Nice one. Very nice one.


----------



## jdramirez (Aug 3, 2013)

That shal't not use HDR to making what is boring, less boring.


----------



## Quasimodo (Aug 4, 2013)

iMagic said:


> 4. Thou shalt not covet thy neighbours dynamic range



Clever!


----------



## Waterdonkey (Aug 4, 2013)

"2. Thou shalt only ever shoot in full RAW ( even for facebook ) ........................."

Ha! Yes! ;D


----------



## Jim O (Aug 24, 2013)

jdramirez said:


> That shal't not use HDR to making what is boring, less boring.



That shalt not use HDR to make what is boring more boring.


----------



## duydaniel (Aug 24, 2013)

Sporgon said:


> 2. Thou shalt only ever shoot in full RAW ( even for facebook ) .........................



LOL


----------



## duydaniel (Aug 24, 2013)

5. Thou shalt not worship Nikon


----------



## Zv (Aug 24, 2013)

Thou shalt not take pictures of feline friends on the sabbath!


----------



## Zv (Aug 24, 2013)

Thou shalt not be led astray by the DXO mark. Trust in TDP, amen.


----------



## justawriter (Aug 24, 2013)

Thou shall proclaim thine happiness with the adequacy of thine sensor and lenses until the announcement of new models.
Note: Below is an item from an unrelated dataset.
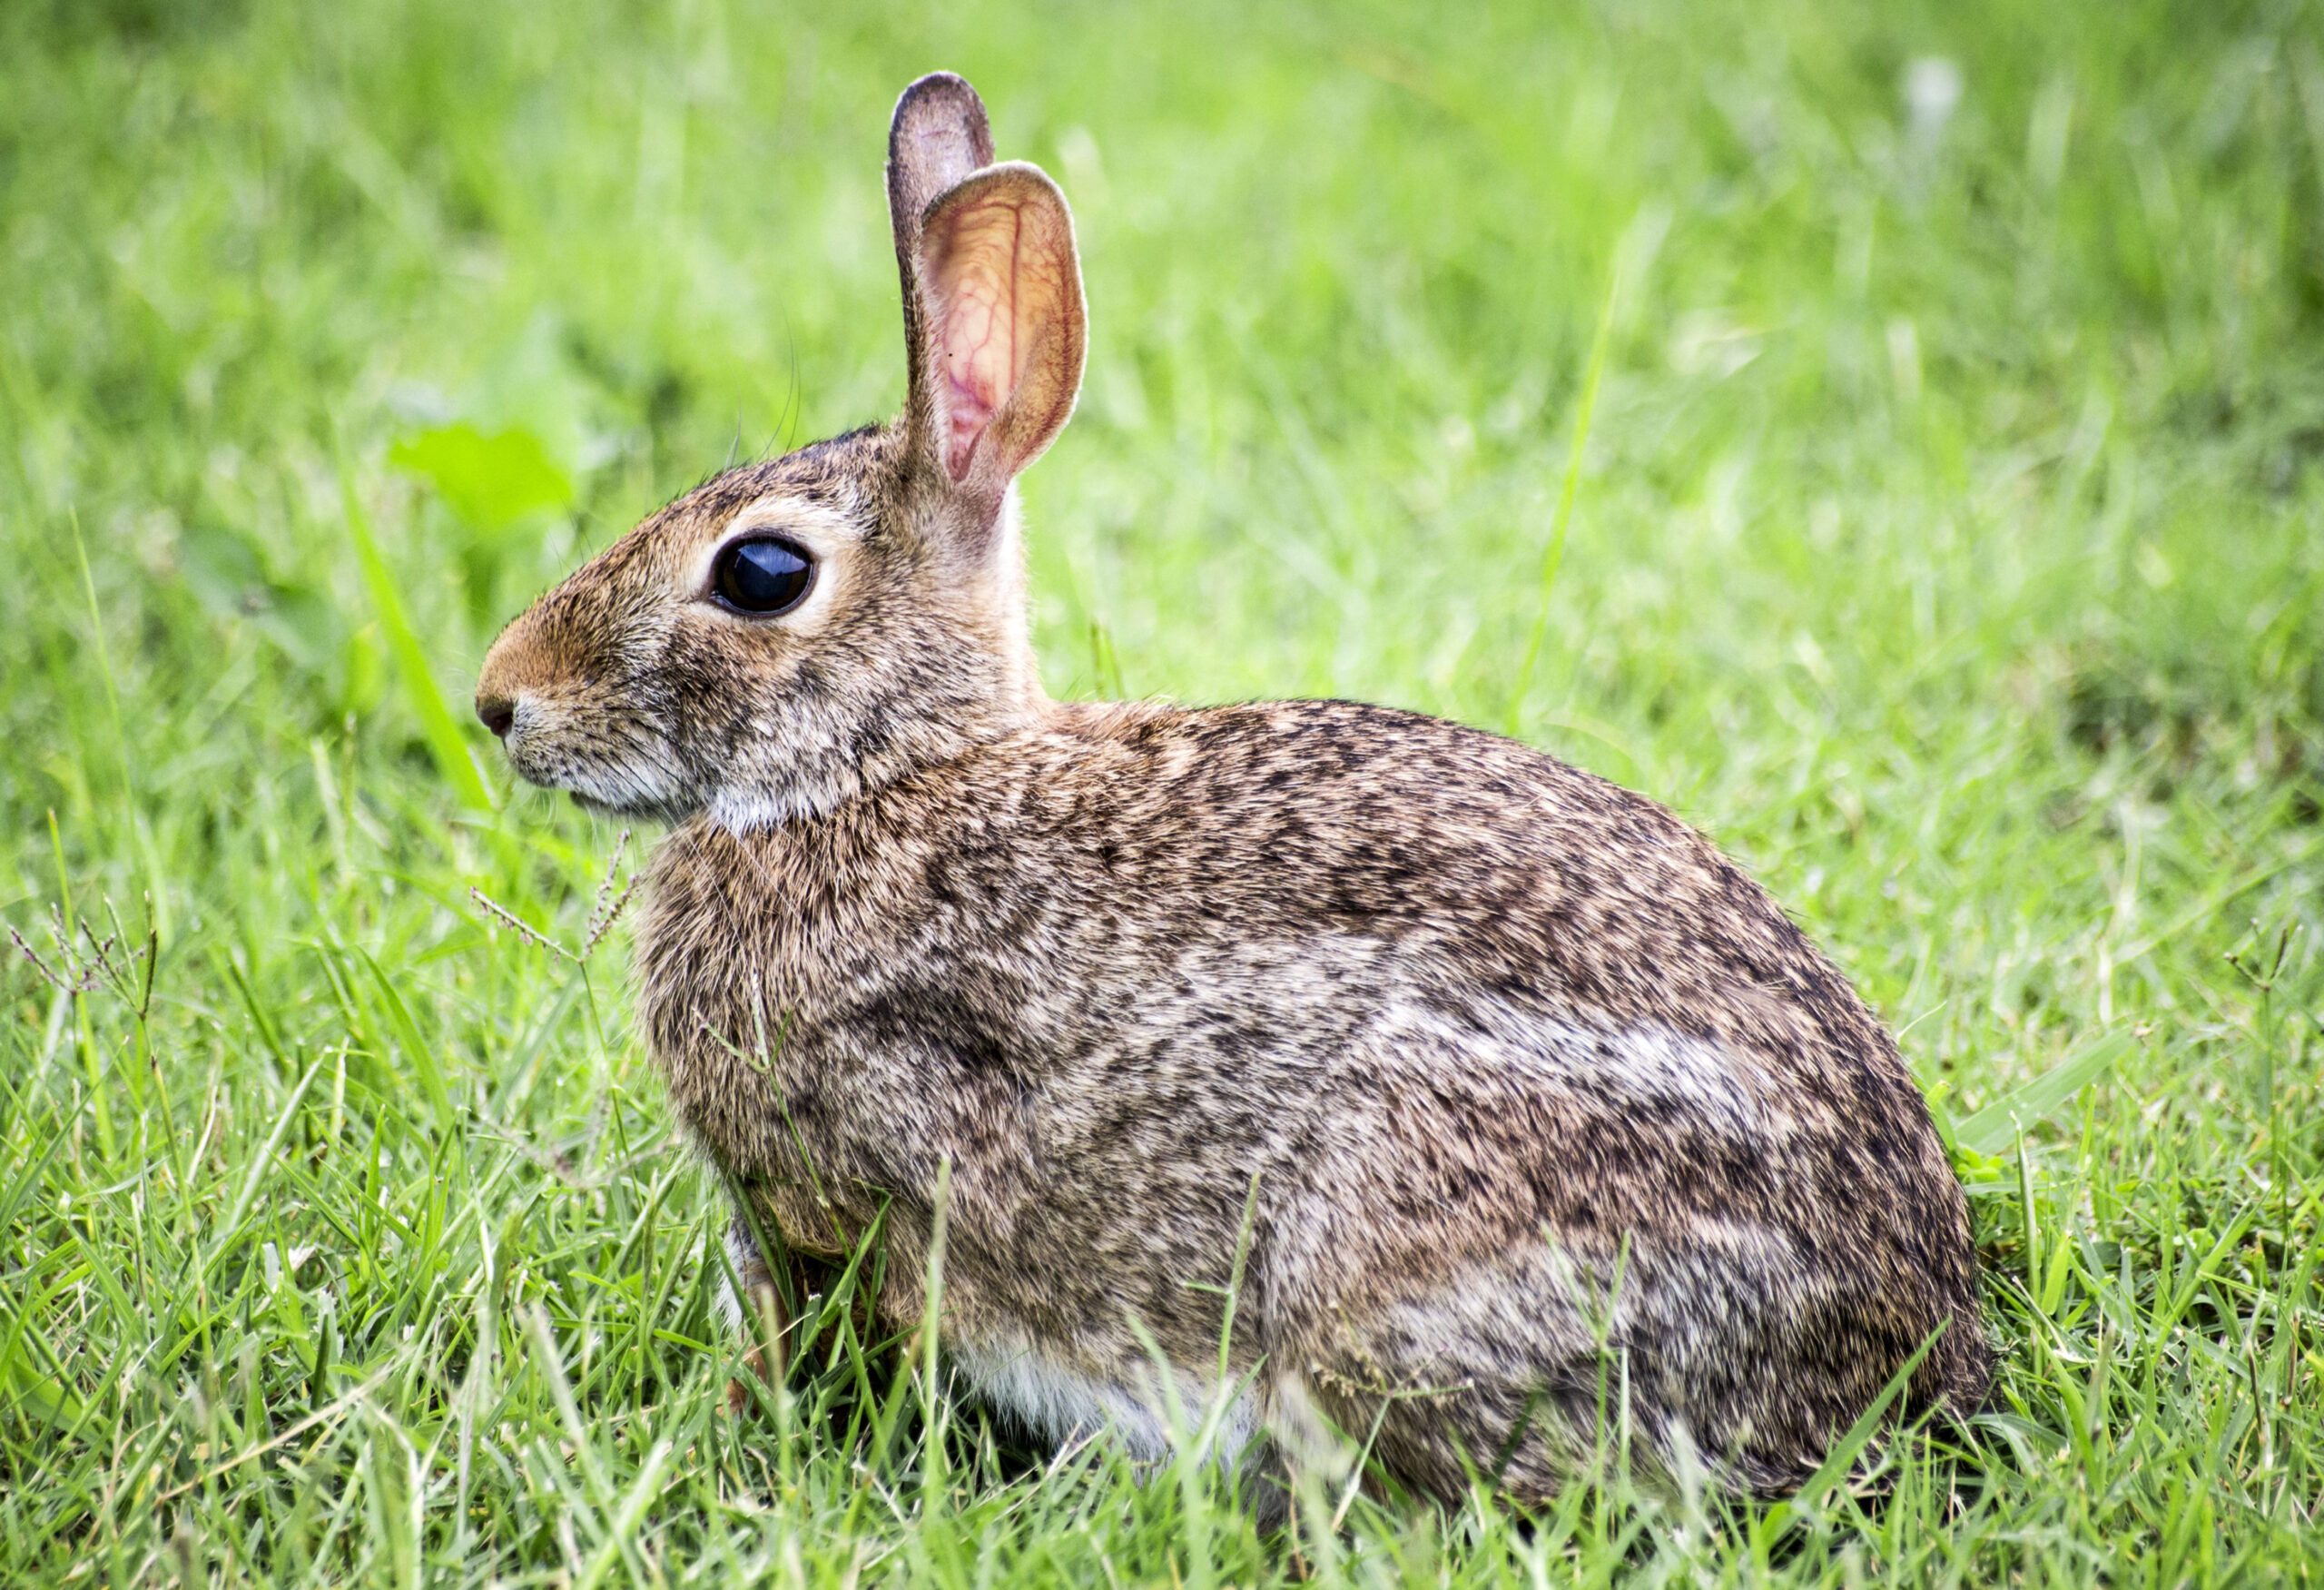 Should I Let My Domestic Rabbit Run Free?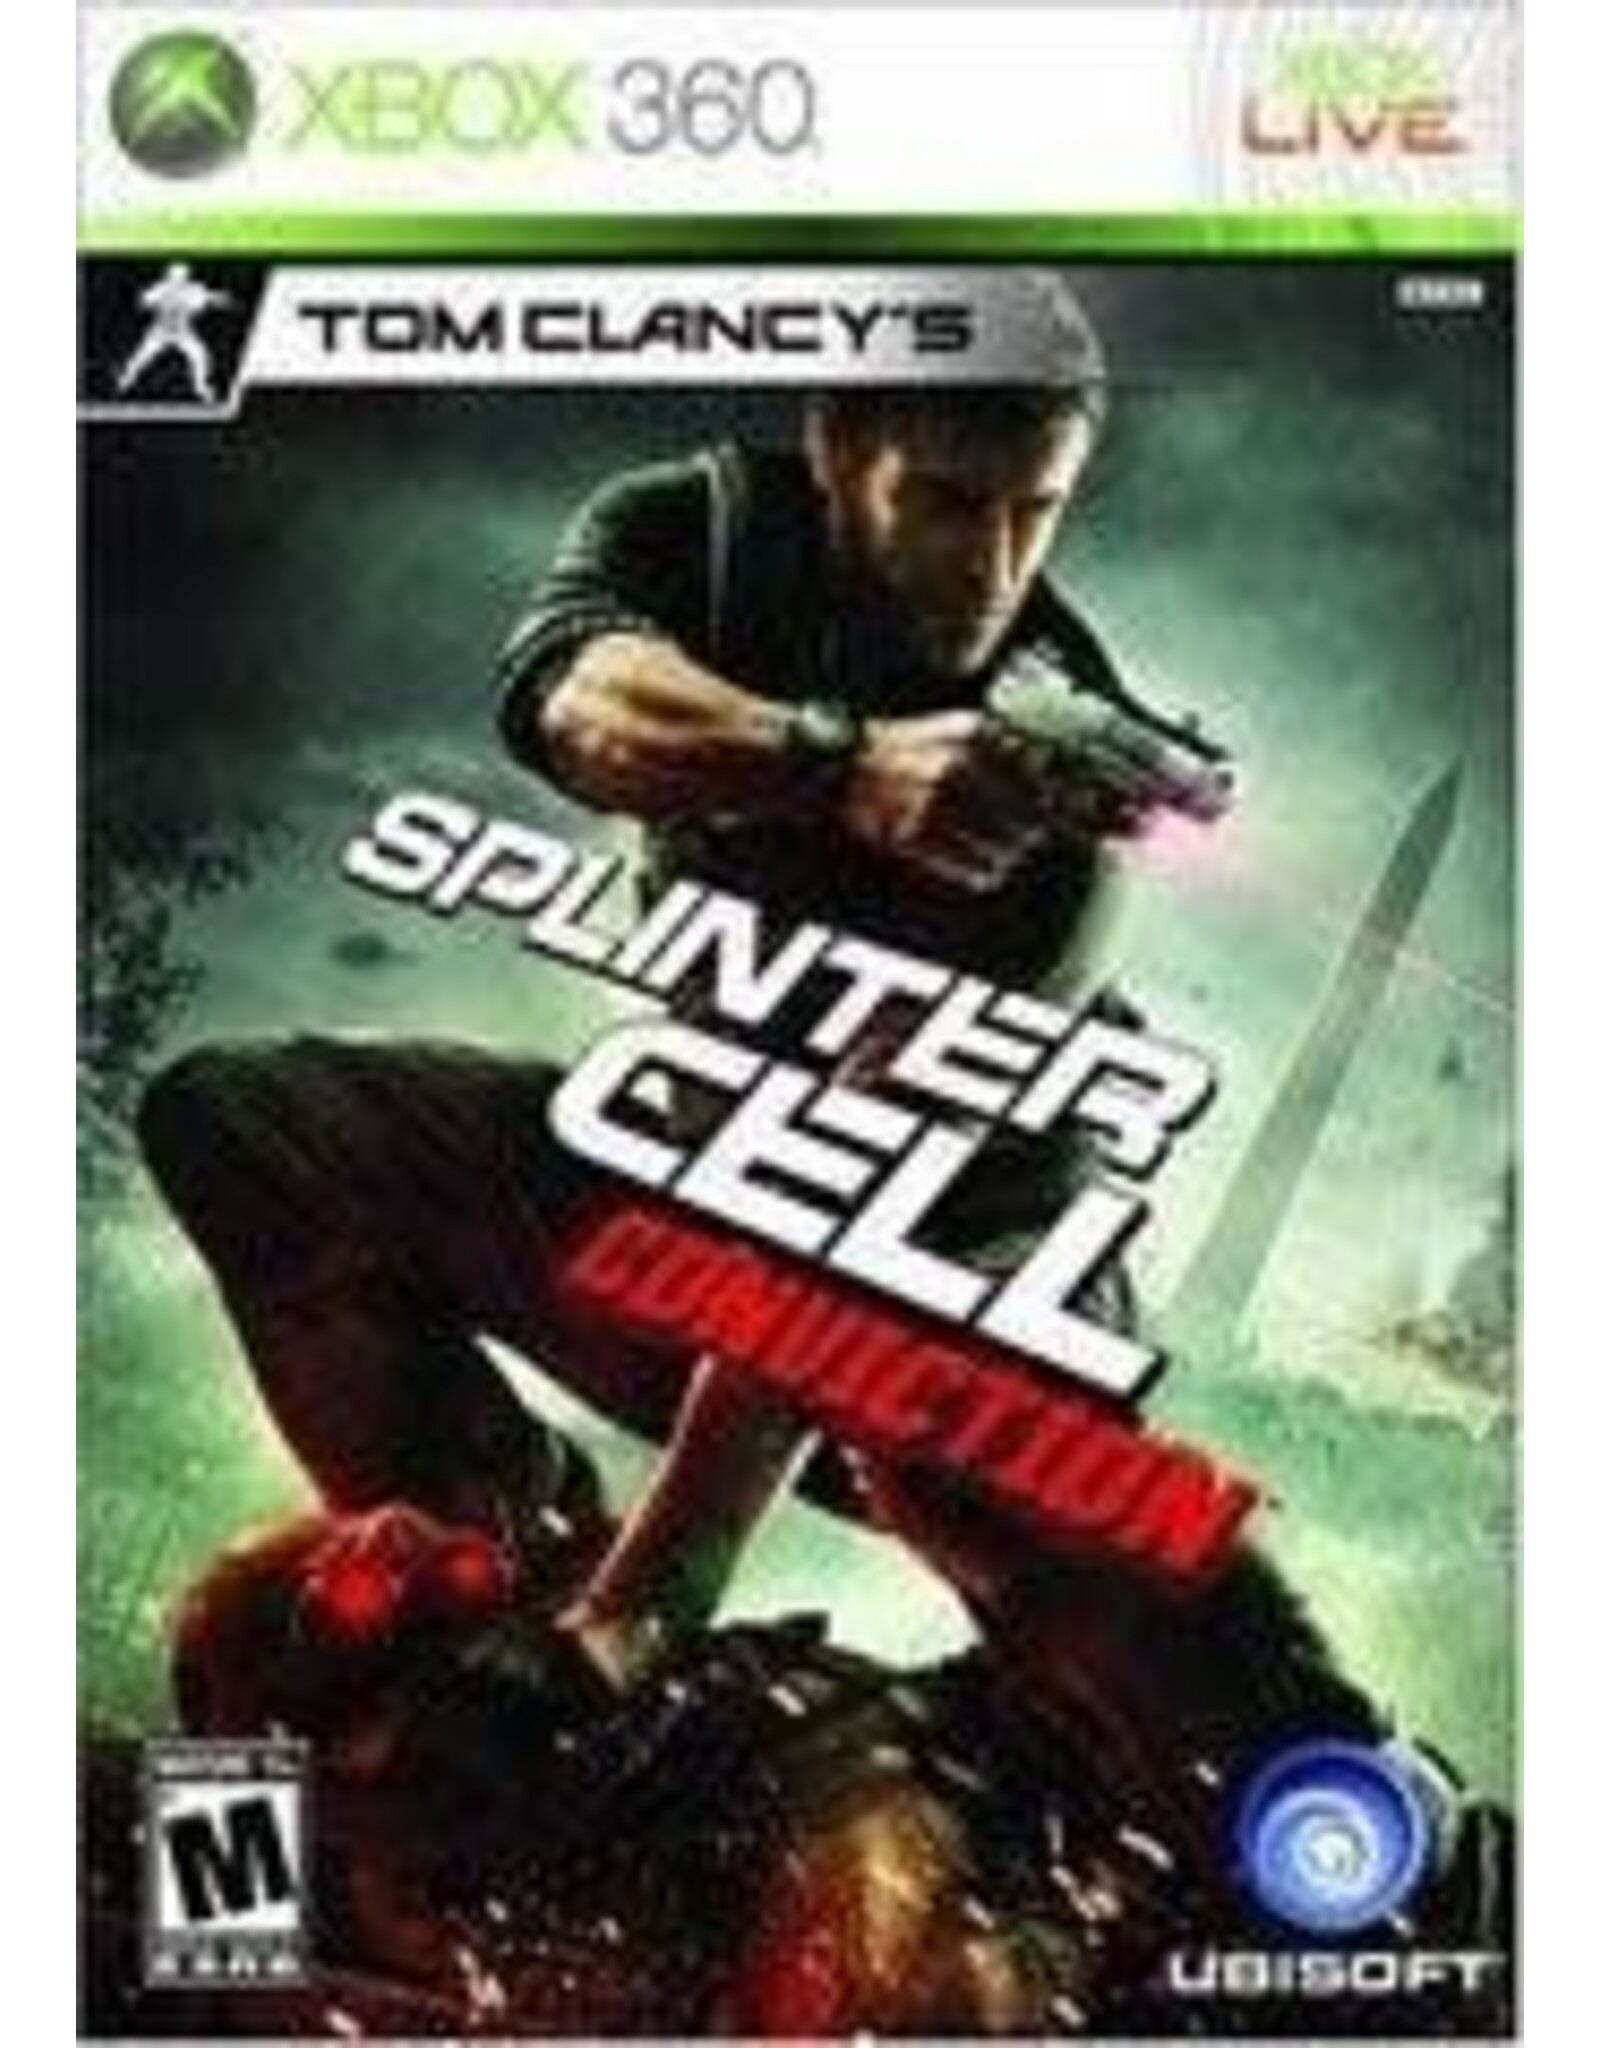 Xbox 360 Splinter Cell: Conviction (No Manual)

Honor thy camera shop and processing lab

Thou shalt honor the Golden Hour and shoot it only.


----------



## Zv (Aug 24, 2013)

7. Bokeh!


----------



## CANONisOK (Aug 24, 2013)

No graven images or false likenesses = PP skin tones correctly


----------



## LetTheRightLensIn (Aug 24, 2013)

> 3. Thou shall bitch about any new lens announced by Canon
> 4. Thou shalt not covet thy neighbours dynamic range



I think those got lost in translation. It should be:

3. Thou shall bitch about not having they neighbors dynamic range until thy wizard render it upon you too.

4. Thou shalt not covet every new lens announced by Canon lest thy go bankrupt.


----------



## verysimplejason (Aug 24, 2013)

distant.star said:


> .
> I can't get into the Moses thing, but....
> 
> That 1st Commandment is absolute. If you own a Canon SLR and you break that commandment, it's eternal damnation for certain!!!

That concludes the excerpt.